We recently discussed the importance of having a plan to track contract changes. However, it is also extremely important to consider the types of changes that may be needed in the future and to build the appropriate language into the contract from the outset. This obviously requires a bit of foresight, but some situations may not be readily apparent and thus are not exactly easy to plan for ahead of time. For this reason, contracts must be drafted in a way that allows for some flexibility, when it is needed. Here are some of the possible changes that could impact a company's contracting and how to future-proof your contracts:
In many buy-sell business transactions, the buyer is expected to inherit the seller's assets and obligations. This is true on a small scale, such as when buying tenant-occupied property and thus inheriting the existing lease. And, it is also applicable in larger transactions, like when one company acquires another and thus acquires its outstanding contractual obligations, which in plenty of instances may be high in volume, value, stakes, or all of the above. In some cases, however, a potential buyer may not want to inherit a contract it did not enter into and/or the other party to the contract may not want to continue with the relationship under this new, unknown leadership.
Therefore, it is wise to future-proof the contract to prepare for these possibilities in advance and include a clause allowing one or both parties to cancel an existing contract in the event there are major leadership changes. This requires special attention and care, as any new hire should not be construed as a major change. But, there are ways to draft the pertinent clause in a manner that permits some flexibility without becoming an inappropriate out for one of the parties.
Even if the company leadership will remain the same, the organizational changes that companies frequently make could, and likely will, impact a company's contracting partners. It may be that an acquisition results in a significant change to the business or a merger essentially dissolves what had previously existed. Entire segments of a business may disappear, as well as portions of the company’s personnel. These are obviously situations that would require contracts to be revisited and perhaps canceled, so there should be a separate clause addressing this as well.
The way in which this type of clause is covered will really depend on which company is likely to acquire other companies as opposed to the company that is more likely to be acquired by a larger enterprise.

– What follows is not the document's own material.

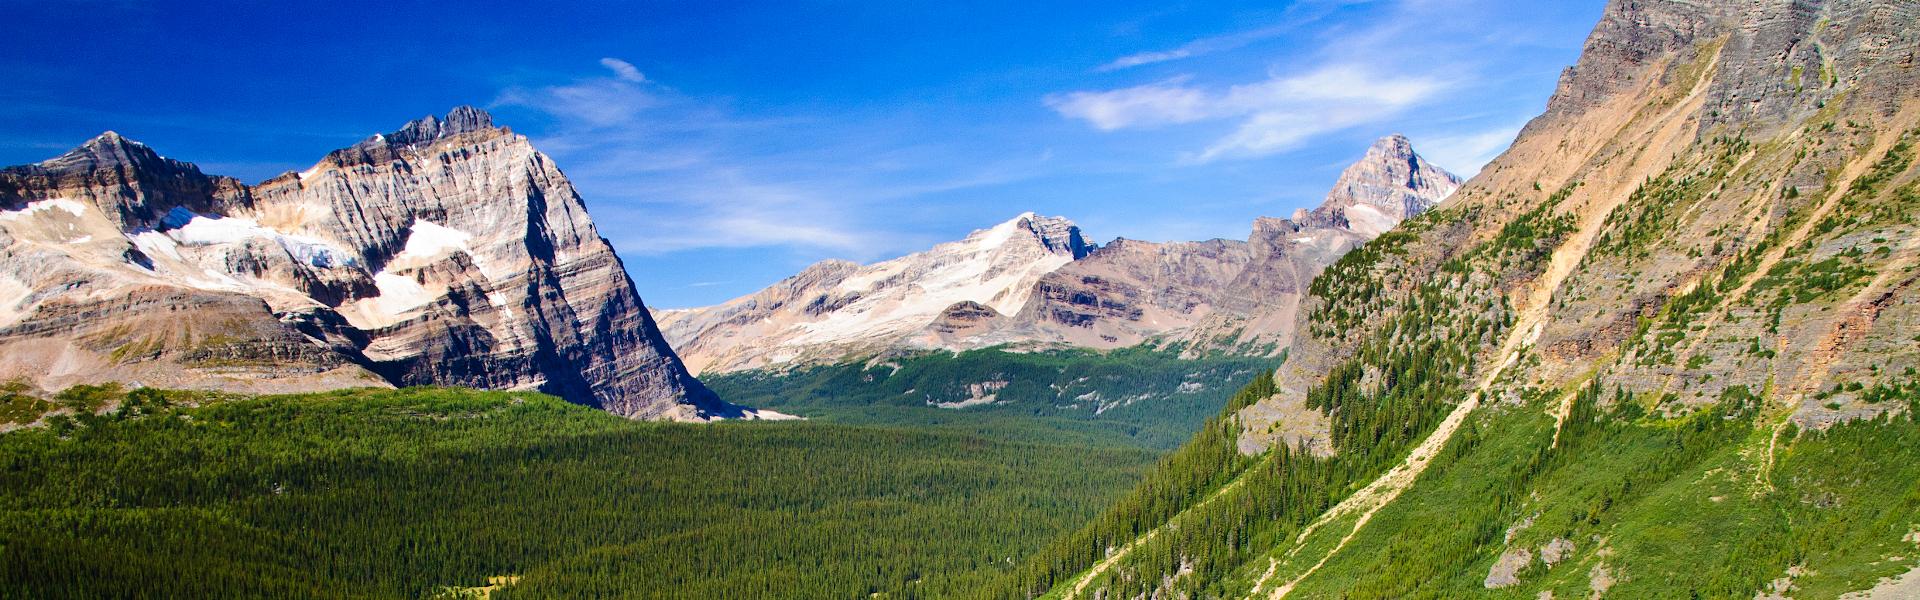 Rund um die kanadischen Rockies

In both scenarios, however, the other party to the contract should have the option of backing out because these changes sometimes just do not make sense for the relationship.
This is a tougher clause to include, but nonetheless important to take into consideration. There are some businesses that are extremely market or economy-sensitive. For example, interest rates and lending standards greatly influence real estate activity. Thus, certain real estate-related businesses are going to feel the effects of any downturns. For companies that depend on the success of a specific sector, any such downturn may prove too much to overcome and thus strategic defaults may be necessary.
However, if a company makes an effort to plan for this possibility, to whatever extent it is able, it may be feasible to downsize or temporarily stall until the economy improves, such as by getting out of some contractual obligations or the contract altogether. Granted, this may not seem like something that other parties would even be willing to consider, but contracts ultimately require a lot of give and take, and some kind of accord can be struck with the right amount of compromise. It is better to have a strategy planned out in advance than stubbornly demand compliance when breach may simply become unavoidable. And, if and when this does happen, the situation is far more likely to devolve into contentious and costly litigation.
In general, including this sort of clause in contracts is fairly standard, especially contracts that involve frequent deliveries or sourcing components from abroad. No one can predict or control things like weather or acts of terrorism, but when they happen, and they clearly do, they are bound to have a substantial effect on countless companies. As a result, it would be downright foolish not to factor these potential "acts of God" into the contract to provide some level of protection when they occur, and they will occur.
Even if there is a good faith principle that companies must recognize circumstances beyond the other party’s control and offer some level of understanding, this does not always happen. Thus, it is best to future-proof the contract for any such occurrences by ensuring that there is a clearly delineated force majeure clause.
Contracts are obviously meant to obligate their signatories to specific terms and conditions, but they can still be drafted in a fashion that affords the parties occasional leniency. The key is to be forward thinking and flexible, and more importantly, to plan accordingly.